The GCC pathway is now fully understood in the paradigm of current biology. @ natali_mis, Adobe Stock
In the nucleus, the love affair between CAS and chromatin
Futura: Can you tell us more about this discovery?
Nicolas Manel: First of all, we must remember that the detection of DNA viruses by organisms is a universal thing in living things. Restriction enzymes are present in bacteria to perform this task. The CRISPR / Cas9 pathway, now well known because it is used in genetic engineering, also has this antiviral function. In mammals, it is this pathway you referred to above that detects DNA from a virus infecting a cell. Between 2009 and 2018, everything is believed to be happening in the cytosol, as the studies, you mentioned suggest. With my laboratory, in 2018-2019, we brought new data into the equation that called into question the simplicity of the mechanism. It has been shown that half of cGAS is actually in the kernel. Therefore, a crucial question arises: how does cGAS differentiate between the DNA of the nucleus (the DNA of the self) and an external DNA that comes to infect the cell? This data was not very surprising. Many DNA viruses come to replicate in the nucleus. It is, therefore, quite logical to postulate that there are certainly means of detection directed against viral DNA in the middle.

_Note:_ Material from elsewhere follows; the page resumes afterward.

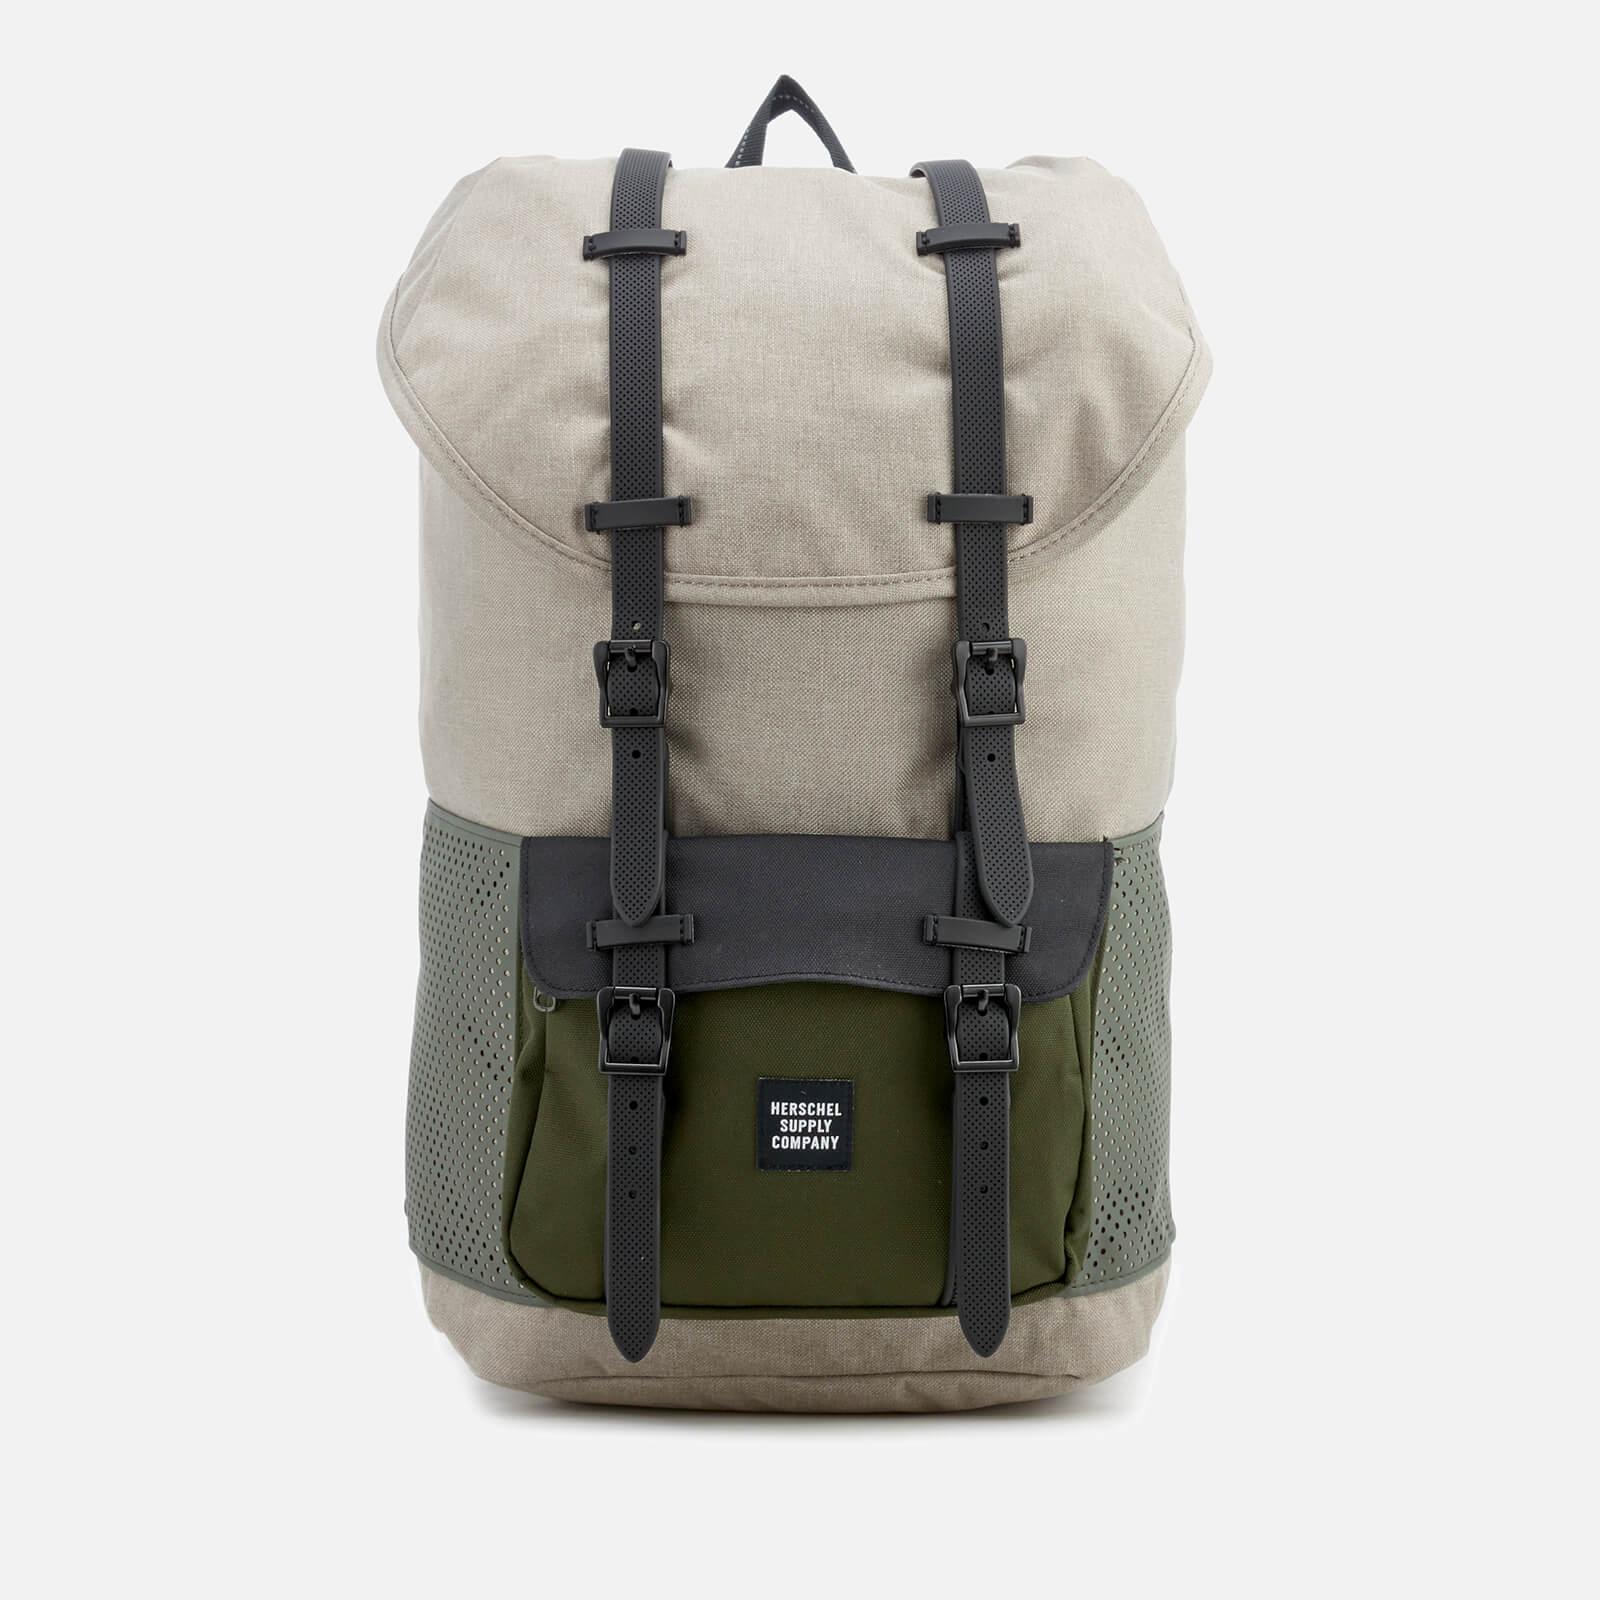 75f0cfbe334 Herschel Supply Co. Men s Little America Backpack - Light Khaki  Crosshatch Forest Night Mens Accessories

We published a paper in the journal Cell, in 2018, which demonstrates that the human immunodeficiency virus (HIV) can be detected by cGAS in the nucleus. Indeed, there is a significant difference between viral DNA and our DNA. That of the virus is bare while ours is bound to proteins called histones, which (in part) forms what is called chromatin. Following that, it was necessary to understand the mechanism of regulation of cGAS, that is to say, by which means it is expressed or inhibited. CGAS is linked to histones 2A and 2B, and that is why it does not fire against our DNA. The work published last week provides structural confirmation; that is, we can now see the mechanism directly at work.
Futura: Does this discovery pave the way for clinical research? This biochemical pathway is involved in autoimmune diseases, cancers, and cognitive decline.
Nicolas Manel: The path to clinical research has already been open for a while. cGAS is a significant target. As you point out, its stimulation could be used for specific cancer immunotherapies, but also against infectious diseases or as a vaccine to stimulate the production of interferons. Our laboratory tests are many the people in my mind and heart of the city tory collaborate with a start-up, Stimunity, as part of our clinical research. Moreover, using the cGAS route is being studied to serve as a vaccine against SARS-CoV-2.
Conversely, its inhibition could potentially be used in certain rare childhood diseases or in inflammatory diseases, such as lupus, o reduce the production of interferons. Studies are already published concerning inhibitors of STING in the animal model. In humans, there are molecules under investigation in phase 2 clinical trials, in particular, STING activators for immunotherapies.